Fulton crews clean up 25 gallons of gas spilled at Break Time

Christine Finnell uses an oderizer to check for the level of gasoline fumes in the storm water drain near Break Time at Fourth Street and Westminster Avenue. On Tuesday morning, an operator filling the gas tanks removed a hose while fuel was still in it, spilling about 25 gallons into the parking lot, according to the Fulton Fire Department.

Christine Finnell uses an oderizer to check for the level of gasoline fumes in the storm water drain near Break Time at Fourth Street and Westminster Avenue. On Tuesday morning, an operator filling the gas tanks removed a hose while fuel was still in it, spilling about 25 gallons into the parking lot, according to the Fulton Fire Department. Kevin M. Smith

Fulton firefighters and city of Fulton employees cleaned up about 25 gallons of gasoline, flushing 10,000 gallons of water through the storm water drainage system after a spill Tuesday morning at Break Time at Fourth Street and Westminster Avenue.

Fulton Fire Department received a call about the spill at 11:30 a.m. Tuesday, according to Todd Gray, engineer with the fire department.

An operator for Midland Transports of Jefferson City was filling the underground fuel tanks at the gas station and convenience store when a hose that still had fuel in it became unhooked, causing up to 25 gallons to spill onto the parking lot.

“There’s a fitting he hooks to and that fitting came off,” Thomas G. Kolb, president of of Midland Transports, told the Fulton Sun.

Kolb said that either the fitting is bad or was not put on tight enough and when the truck driver apparently tripped, it knocked the fitting off. Kolb said the gasoline flows at about 2.5 gallons per second out of the hose.

“He was right there with it … it didn’t take him 10 seconds to get to the valve,” Kolb said, noting the spill may have been closer to 15 gallons but they estimated on the high end.

Kolb said the procedure is to clear the area and contain the spill.

“The goal is to keep it from getting to a storm drain … from leaving the premises,” Kolb said.

According to Gray, the operator grabbed a garden hose at the gas station and sprayed the gasoline with water.

“That’s where we had the issue,” Gray said.

The water pushed the gasoline into the storm drains, according to Gray.

Gray said procedure should be to use “Oil Dry” — a sand- or cat-litter-like substance that Break Time has on site to absorb fuel spills. Gray said had that been used on the gasoline spill, it could have been just scooped up to dispose of properly and the fumes would quickly evaporate.

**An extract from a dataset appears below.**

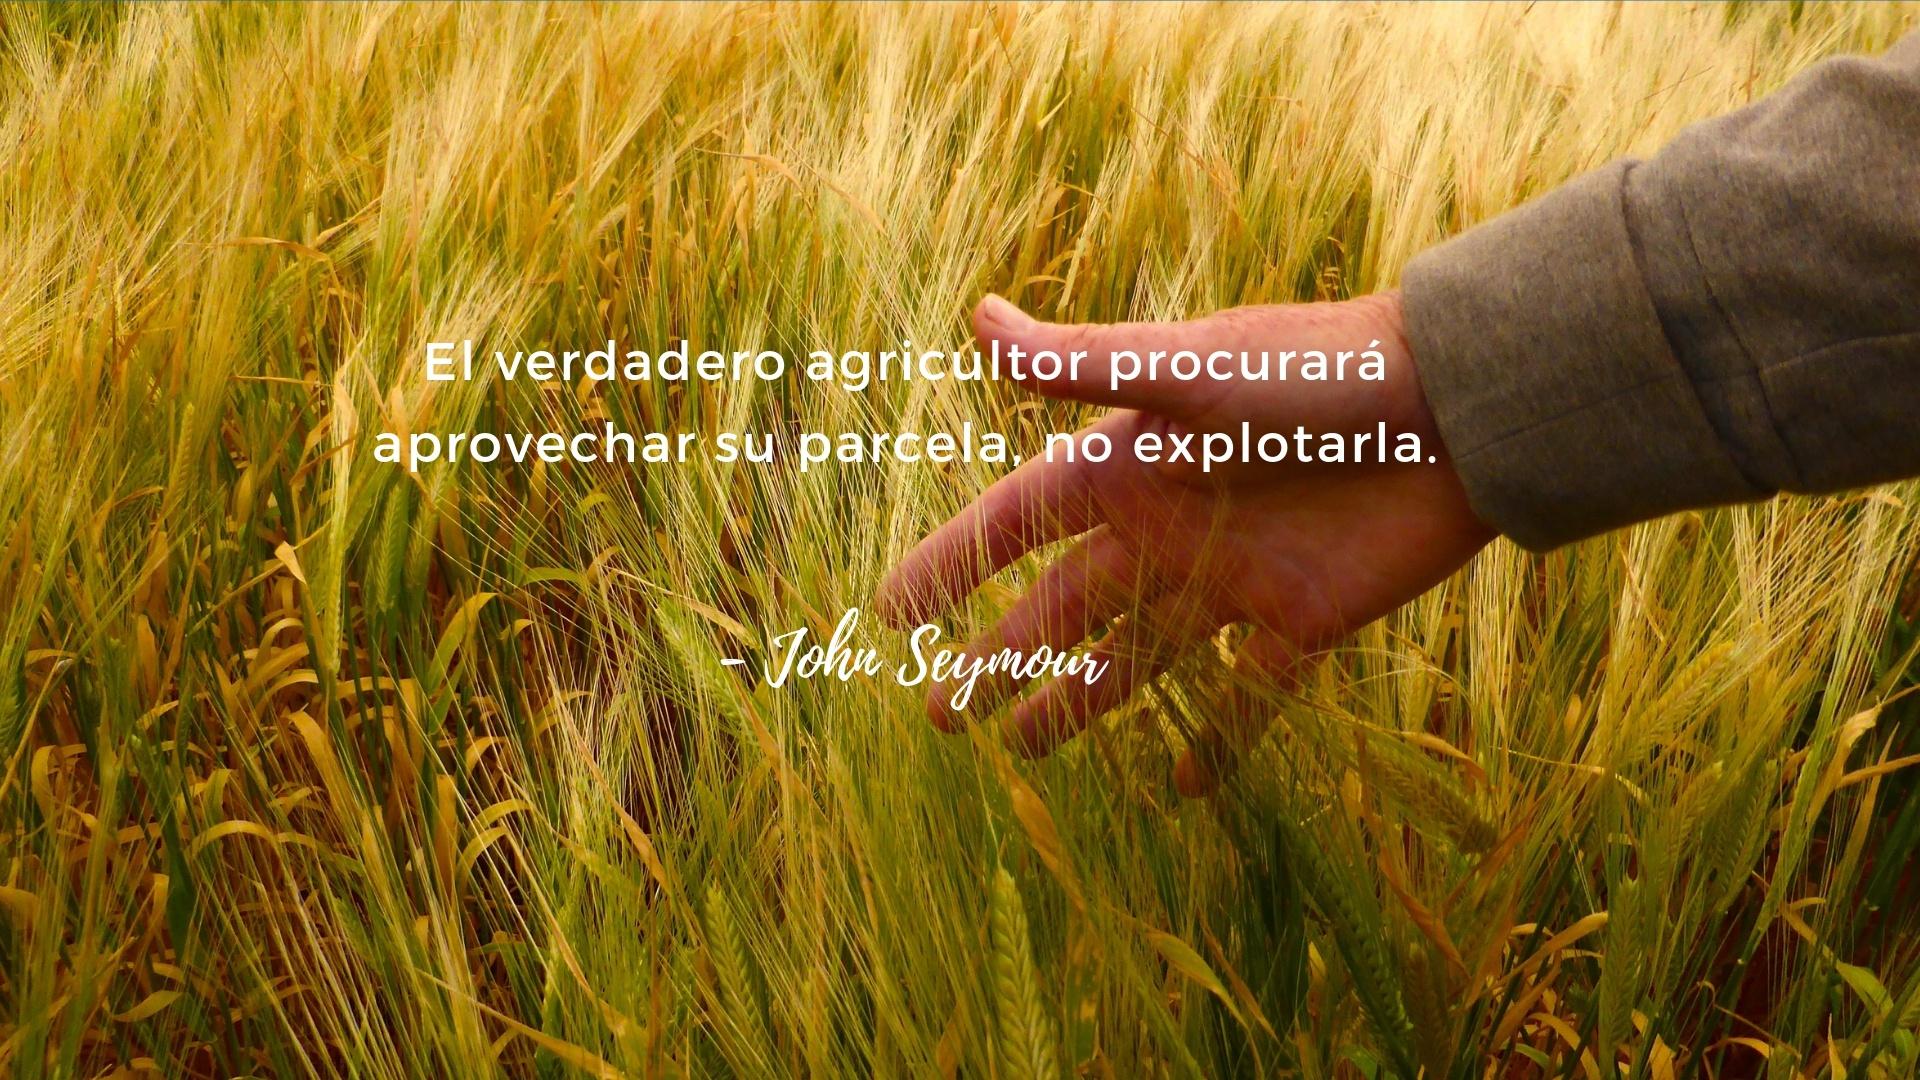 Agricultores_prósperos_significa_más_empleo (4)

Instead, the city flushed 10,000 gallons of water through the storm drains and the fire department used an additional 1,000 gallons to clean the parking lot and flush the drains.

Kolb said every truck is equipped with a spill clean-up kit that includes absorbent pads and the Oil Dry product. Kolb said the pads are for small spill — not up to 25 gallons — and the absorbant grain works better for oil. Kolb said he was not aware that the driver had used the garden hose.

Crews were wrapping up this process about 1:15 p.m. At that point, an odorizer detected 20 parts per million, according to Gray. He said that’s on the low end and probably not ignitable. At 50 parts per million, a passerby with a lit cigarette could spark a fire, Gray said. The odorizer “sniffs for gas,” according to city of Fulton employee Christine Finnell, who was using it by poking it down the storm drains east of Break Time.

“The fumes with gasoline is what you’ve got to be worried about,” Gray said.

Kolb said his company is required to notify the Missouri Department of Natural Resources if 45 gallons or more are spilled, but not for the amount spilled today.

The Break Time manager on duty at the time of the incident said she was not allowed to talk to news media. The Fulton Sun left contact information for that manager’s supervisor, who did not contact the Sun.

Gray said it wasn’t the only spill Tuesday. He said the city of Fulton accidentally spilled several gallons of paint as crews were re-striping crosswalk lines.